> EXCERPTED DATA
■ ■ ■ ■ ■
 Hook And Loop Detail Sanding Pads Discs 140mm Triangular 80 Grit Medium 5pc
■ ■ ■ ■ ■
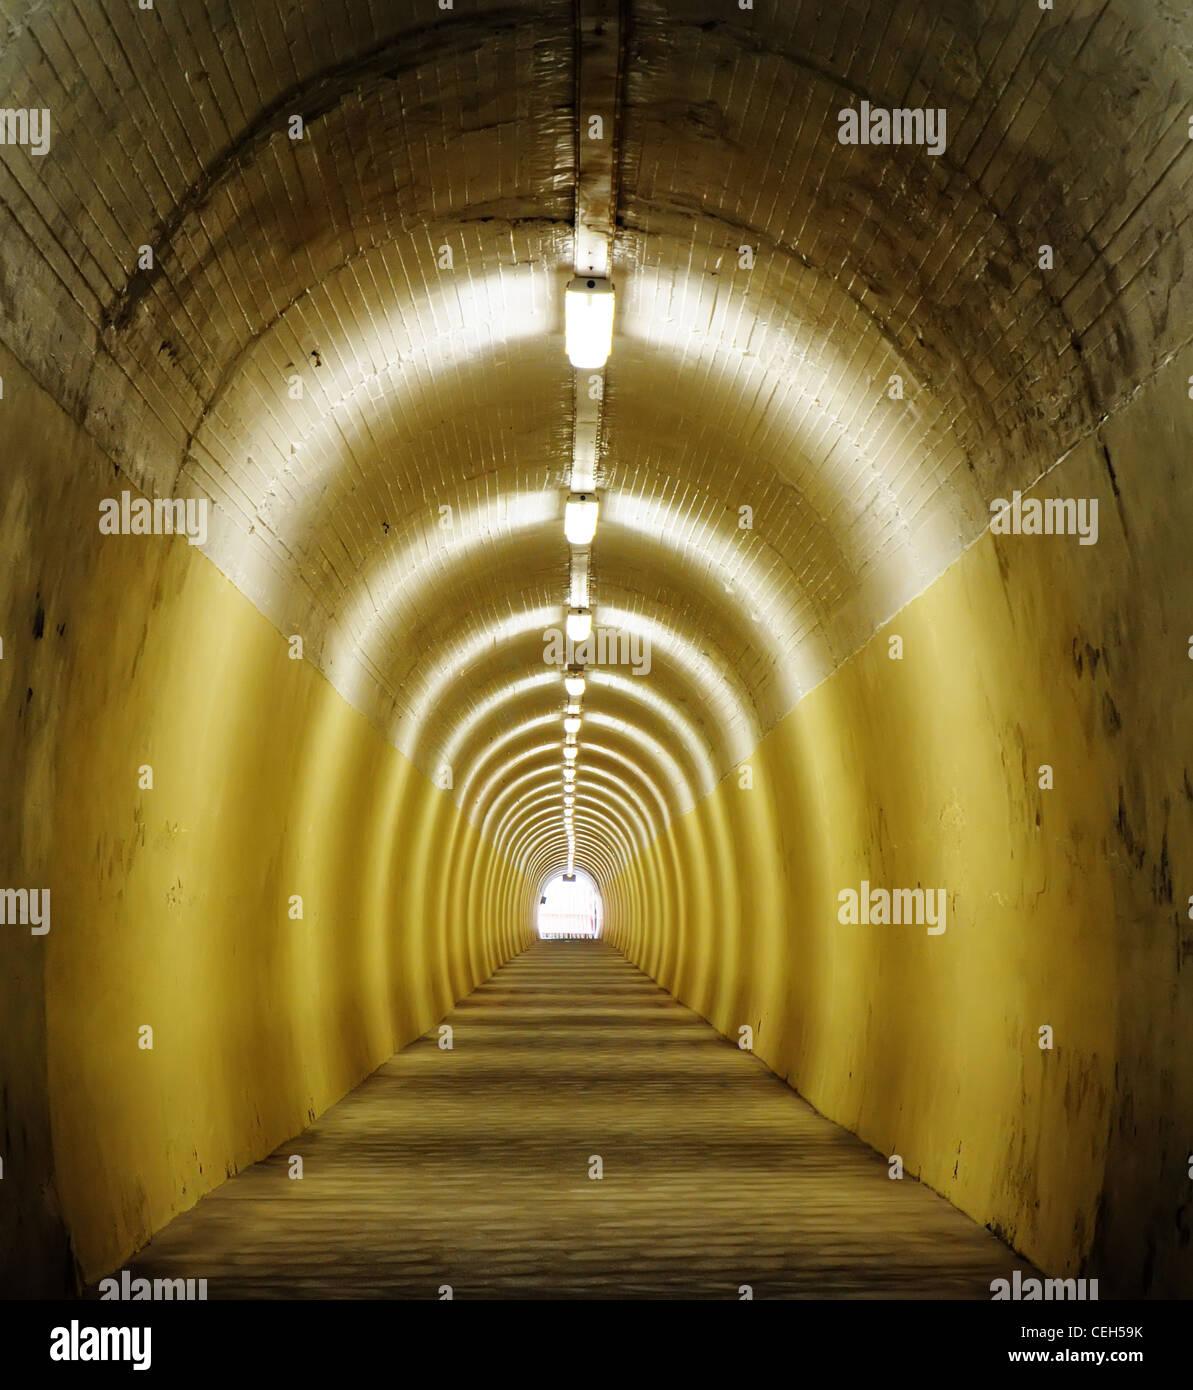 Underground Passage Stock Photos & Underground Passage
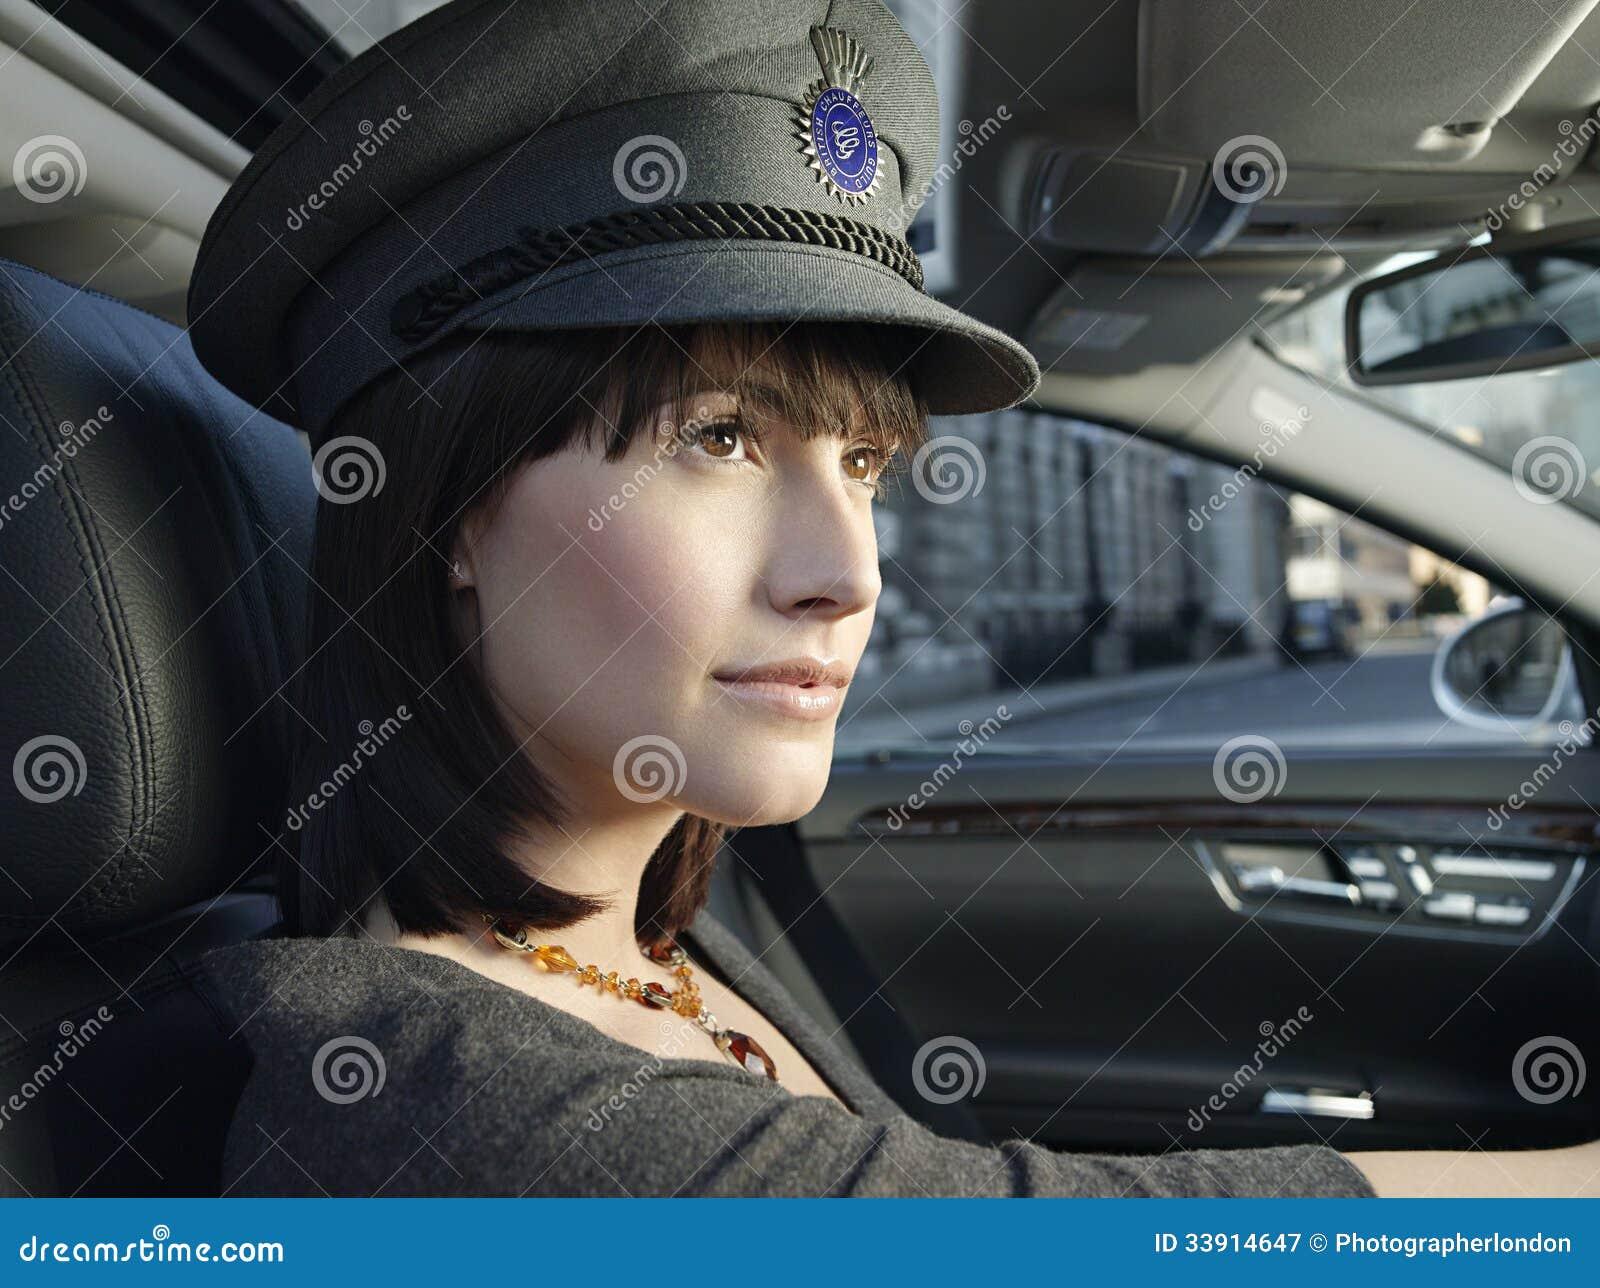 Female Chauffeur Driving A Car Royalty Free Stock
■ ■ ■ ■ ■
> PROBLEM DETAILS
Print the part of the listing above that opens with the line containing "Underground Passage Stock" and closes with the line containing "Female Chauffeur Driving". Copy it exactly, both ends included, and omit the pictures.

> RESPONSE TO THE EXERCISE
 Underground Passage Stock Photos & Underground Passage
 Female Chauffeur Driving A Car Royalty Free Stock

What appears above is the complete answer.